The coefficients in the following system correspond to the values in the H matrix above, and the right member of each equation comes from D:
0c0 | − 1c1 | + 1c2 | − 2c3 | − 2c4 | − 1c5 | − 1c6 | + 2c7 = | +3 |
1c0 | + 0c1 | + 2c2 | + 2c3 | − 1c4 | − 3c5 | − 1c6 | − 2c7 = | 0 |
− 1c0 | − 2c1 | + 0c2 | + 0c3 | + 3c4 | + 0c5 | − 2c6 | − 1c7 = | −7 |
2c0 | − 2c1 | + 0c2 | + 0c3 | + 0c4 | + 0c5 | − 2c6 | + 2c7 = | −4 |
2c0 | + 1c1 | − 3c2 | + 0c3 | + 0c4 | + 0c5 | − 2c6 | − 1c7 = | −4 |
1c0 | + 3c1 | + 0c2 | + 0c3 | + 0c4 | + 0c5 | − 1c6 | + 1c7 = | +2 |
1c0 | + 1c1 | + 2c2 | + 2c3 | + 2c4 | + 1c5 | + 0c6 | + 2c7 = | −1 |
− 2c0 | + 2c1 | + 1c2 | − 2c3 | + 1c4 | − 1c5 | − 2c6 | + 0c7 = | +2 |
With application of Gaussian elimination, two equations drop out, leaving an underdetermined system:
c3 + c6 − c7 = | 0 |
c5 + c6 + c7 = | +1 |
c4 − c6 = | −2 |
c2 + c7 = | +1 |
c0 − c6 + c7 = | −1 |
c1 = | +1 |
Among the many parameterizations of C is:
C = [ c6 − c7 − 1, 1, 1 − c7, c7 − c6, c6 − 2, 1 − c6 − c7, c6, c7 ]

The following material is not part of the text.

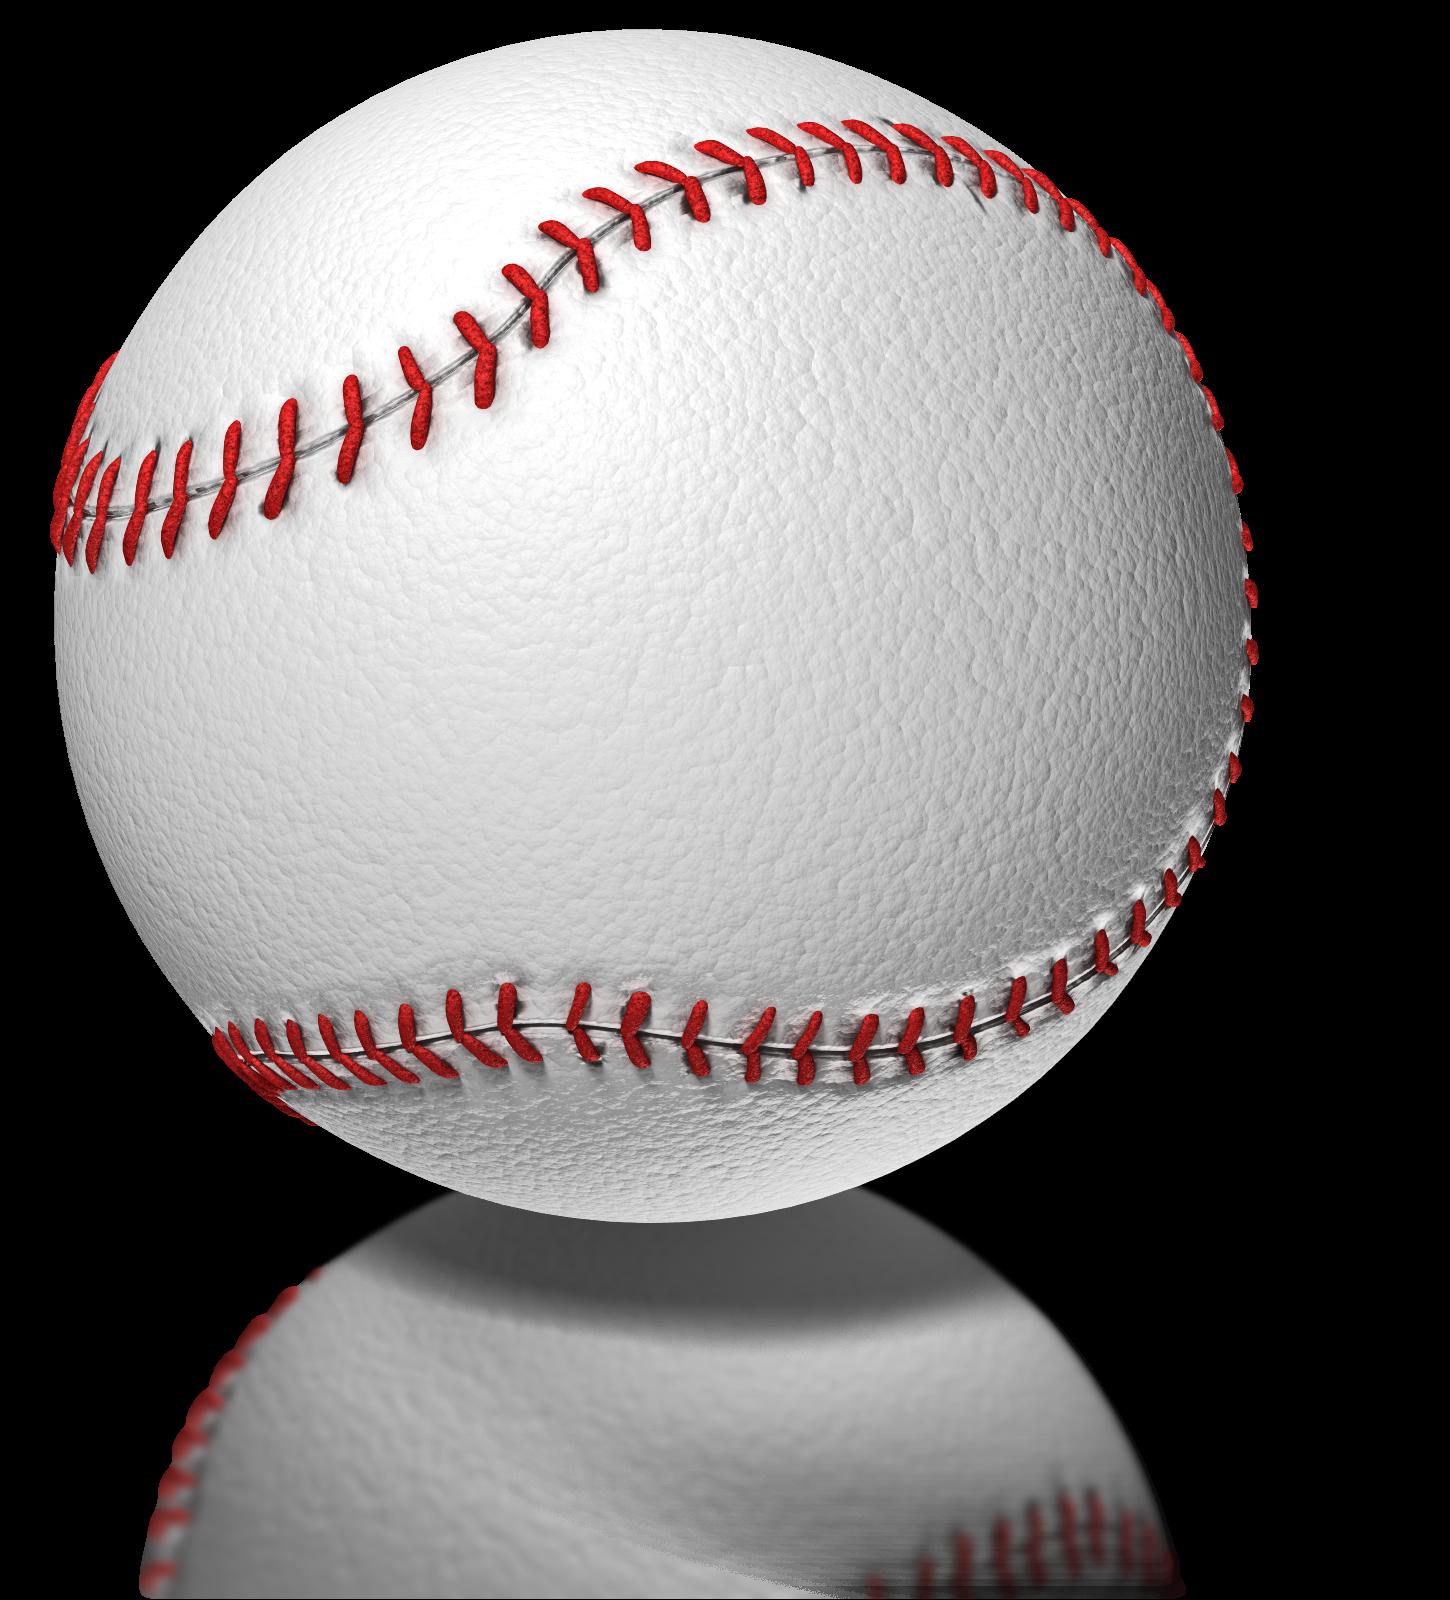 Baseball Image Transparent Clipart image #35355 - Baseball PNG

which, being linear and having two independent variables, namely c6 and c7, denotes a plane. A particular solution is C = [ 0, +1, +1, −1, −1, 0, +1, 0 ].
If A × B × C = 0, but A and B are non-zero, then C must be a linear combination of A and B, also governed by two independent variables.

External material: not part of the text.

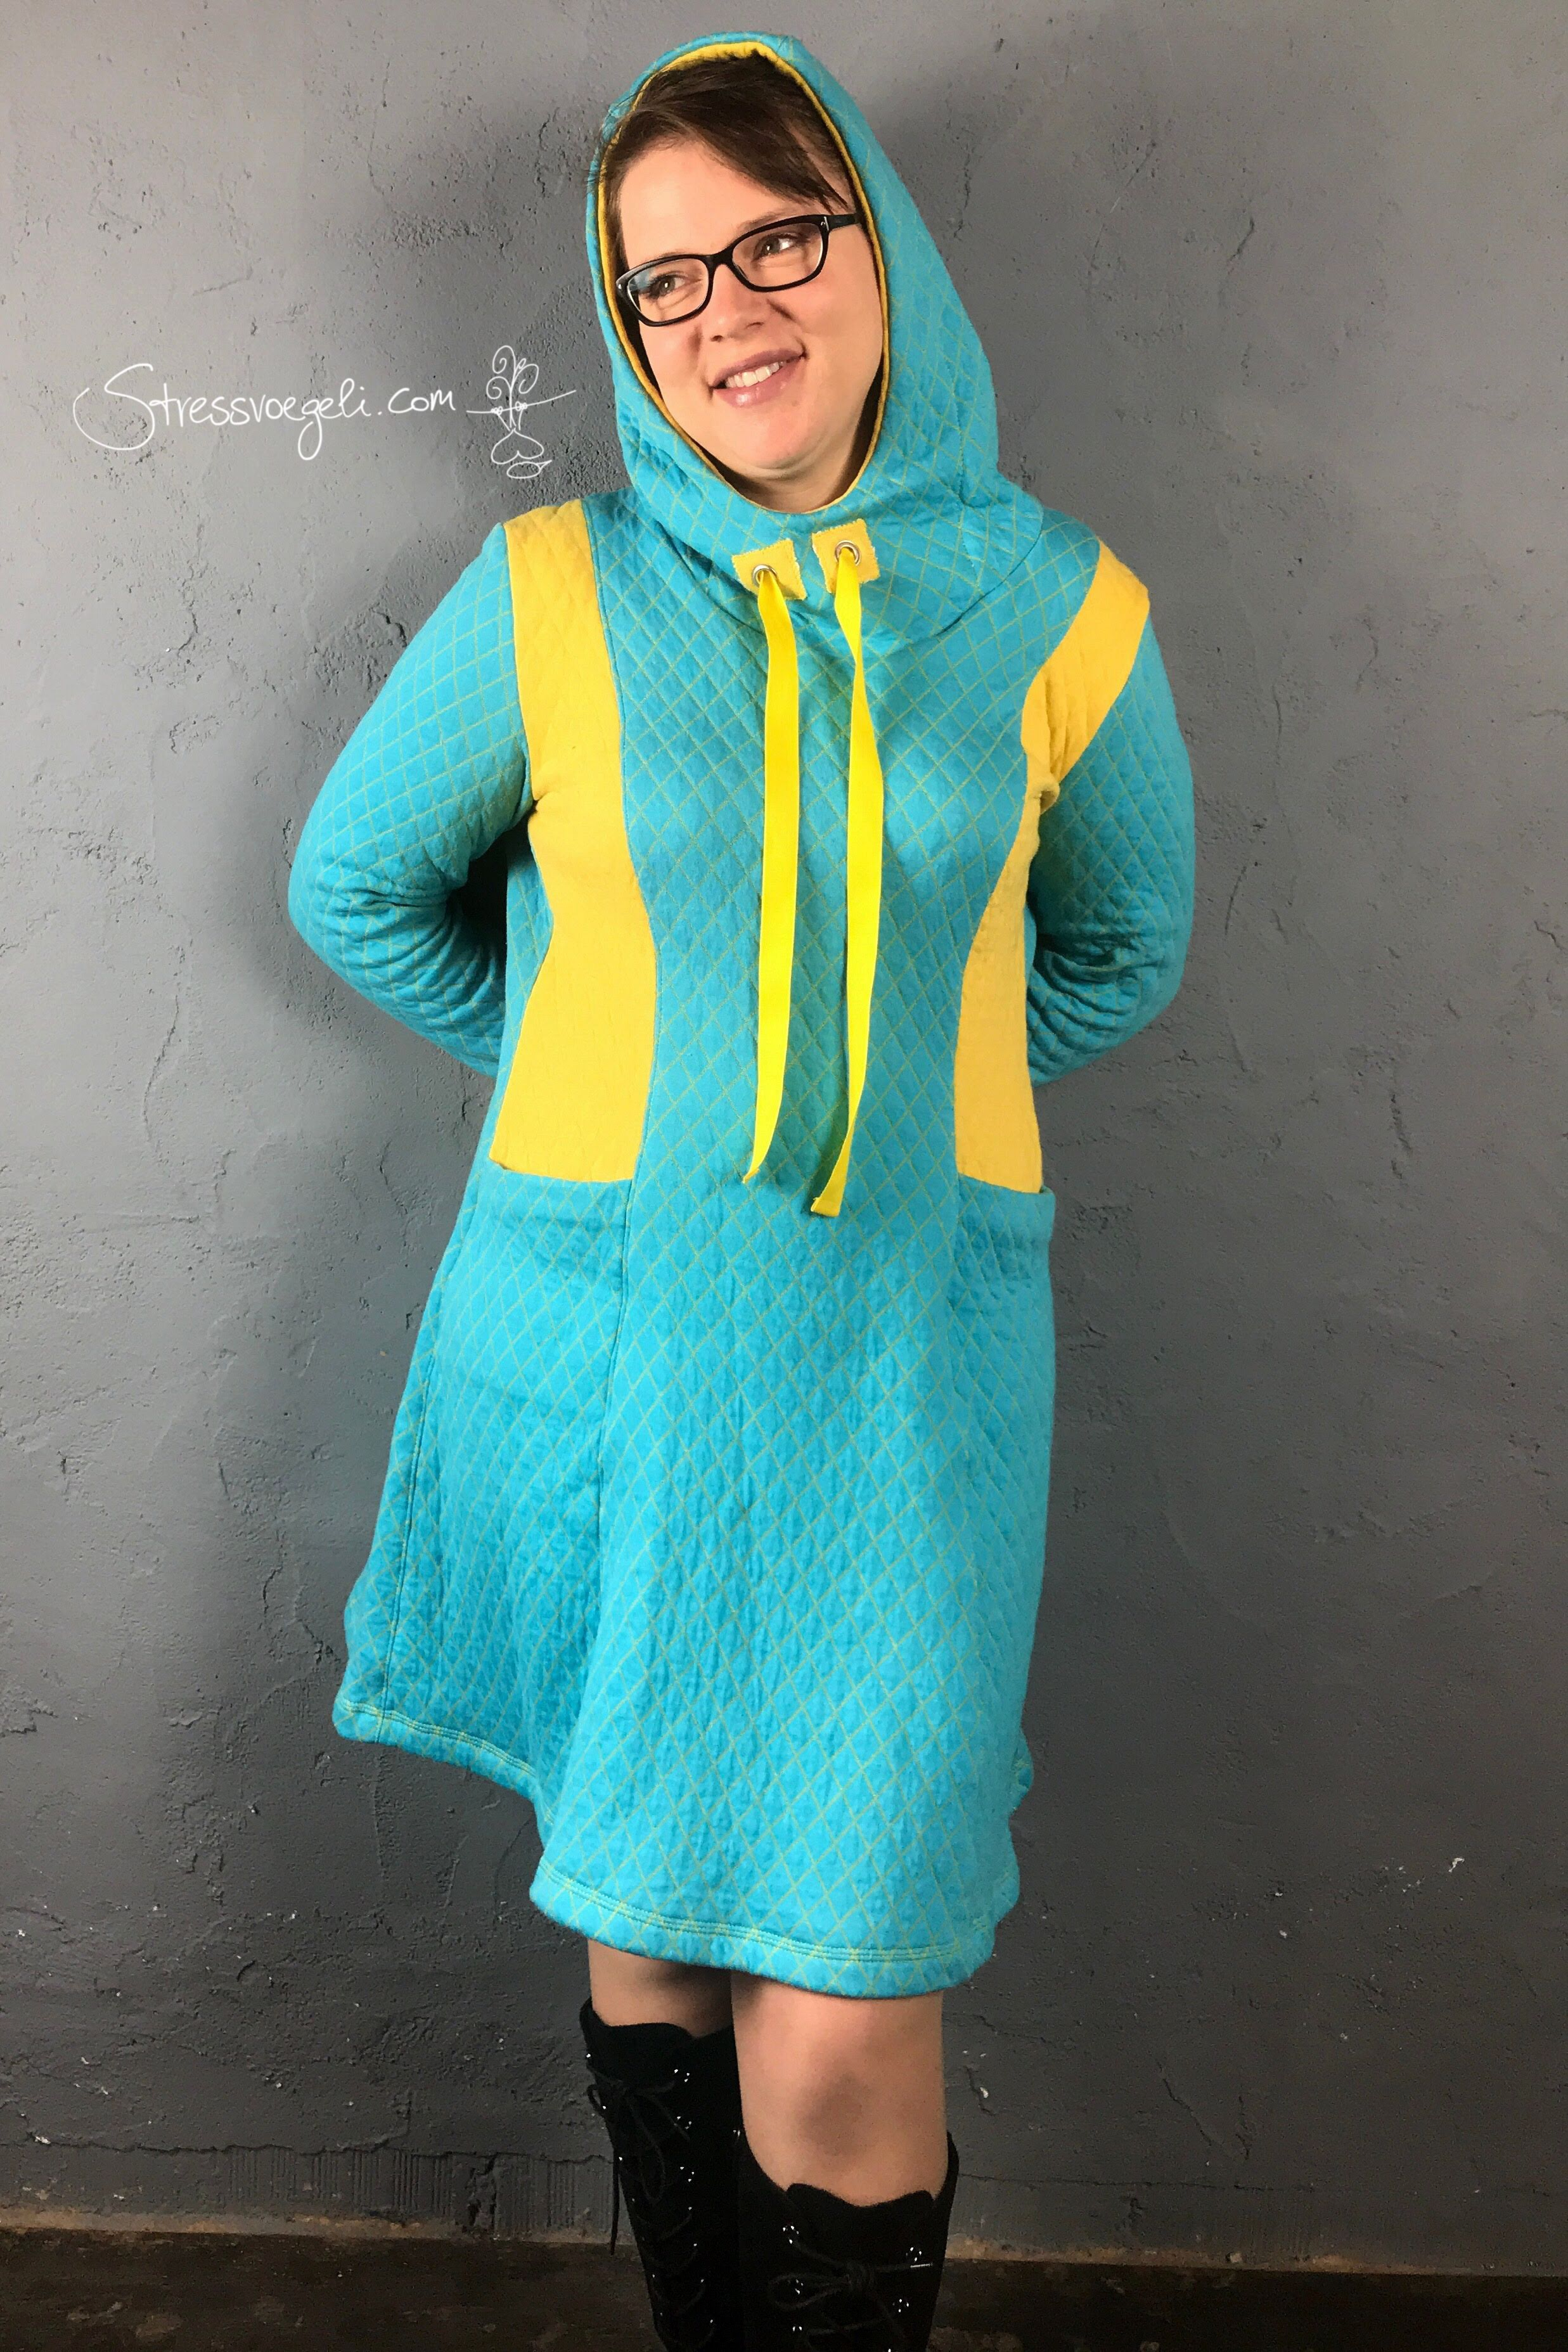 Kleid selbst genäht La Glenna Schnittgeflüster

We prepared a computer program to evaluate the determinant of matrix H by symbolic manipulation (as opposed to numerical techniques). It turns out that for all complex values of an and bn, the determinant vashishes.
Although evaluating the determinant of an 8-by-8 matrix most generally requires calculating 8! = 40320 products of 8 factors each, we bypassed any product that would have incorporated a zero element on the diagonal, reducing the number of products to 14833 (see derangement). Beyond that, we did not take advantage of the skew symmetry of the matrix, preferring to keep the algorithm simple to facilitate checking.

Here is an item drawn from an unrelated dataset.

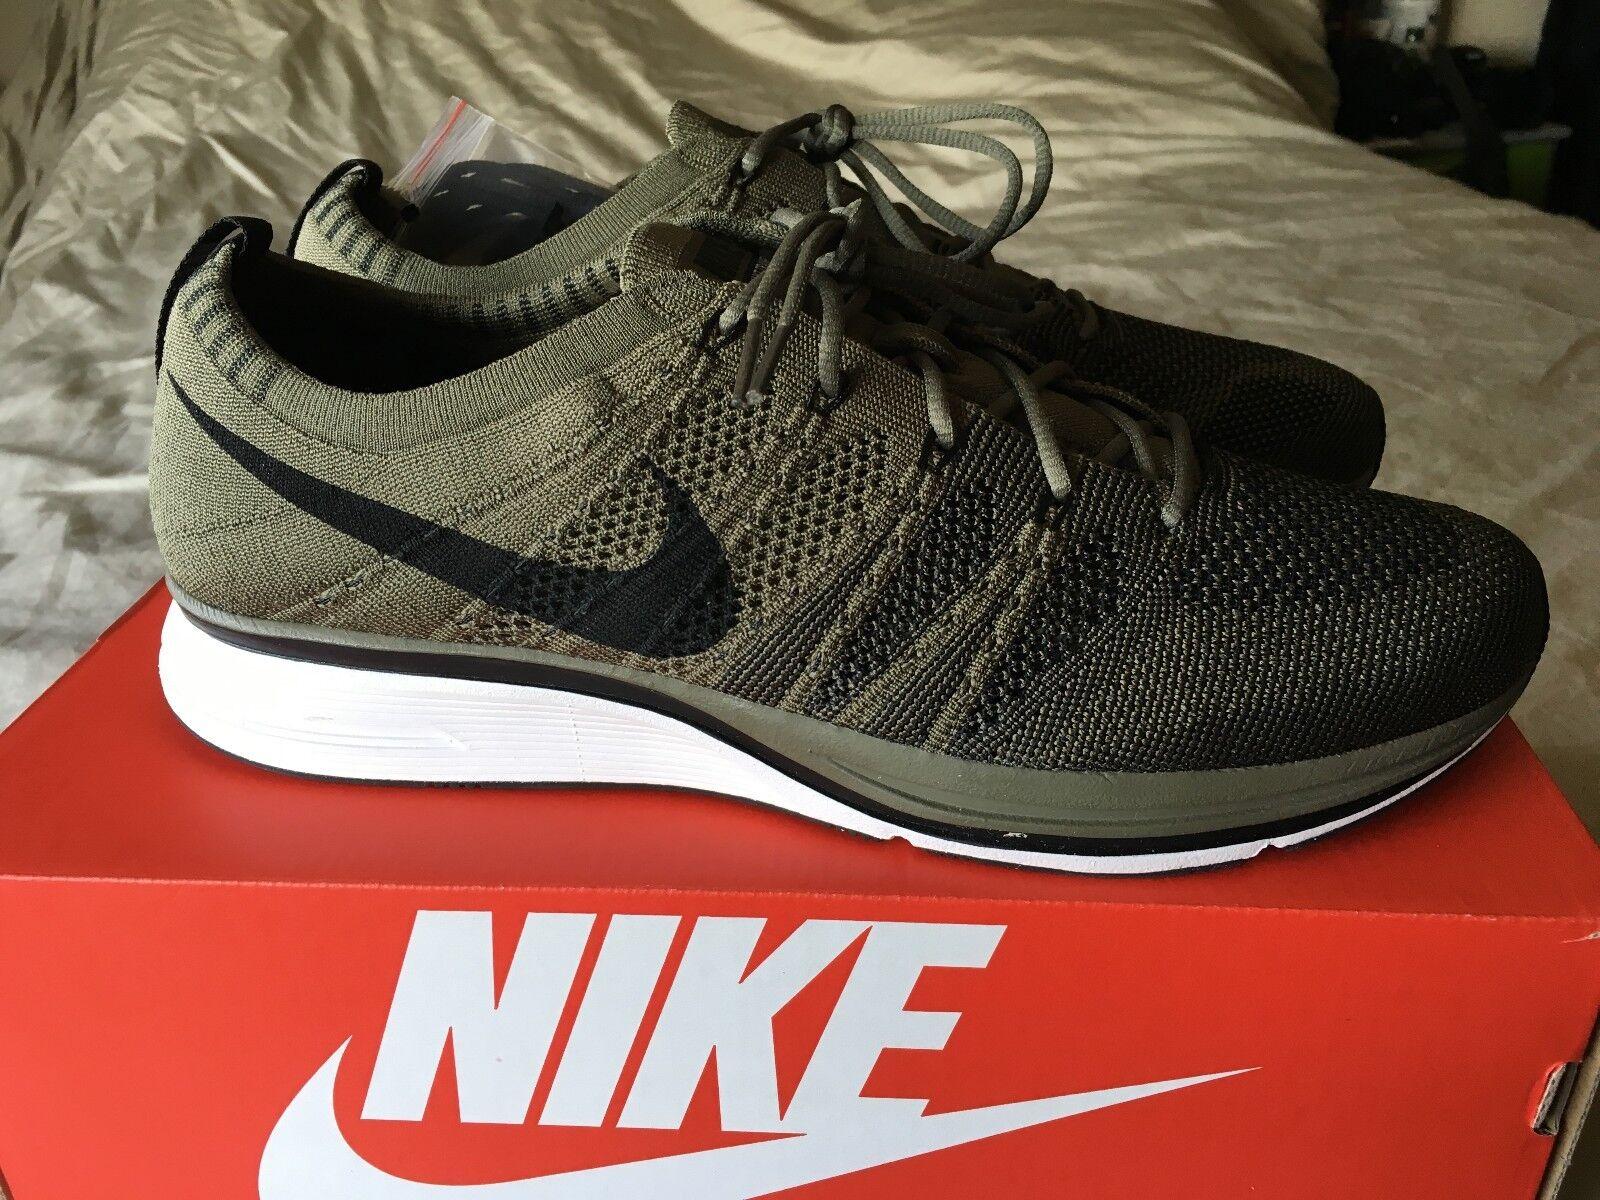 Nike Flyknit Trainer Running Medium Olive/Black/White AH8396-200 Mens SZ 11

An example of a product is:
h30h51h12h23h04h45h76h67
which is a polynomial in 214207 terms. (Recall that h67 = −h76) An example of a term in that product is:
−2a1(a2)3(a5)2a6a7b1b2(b3)2(b6)3b7
In all terms of all products, the sum of exponents of all the an is eight, and no exponent is greater than six. The same applies to the bn.
A standard result is that the rank of a skew-symmetric matrix must be an even number.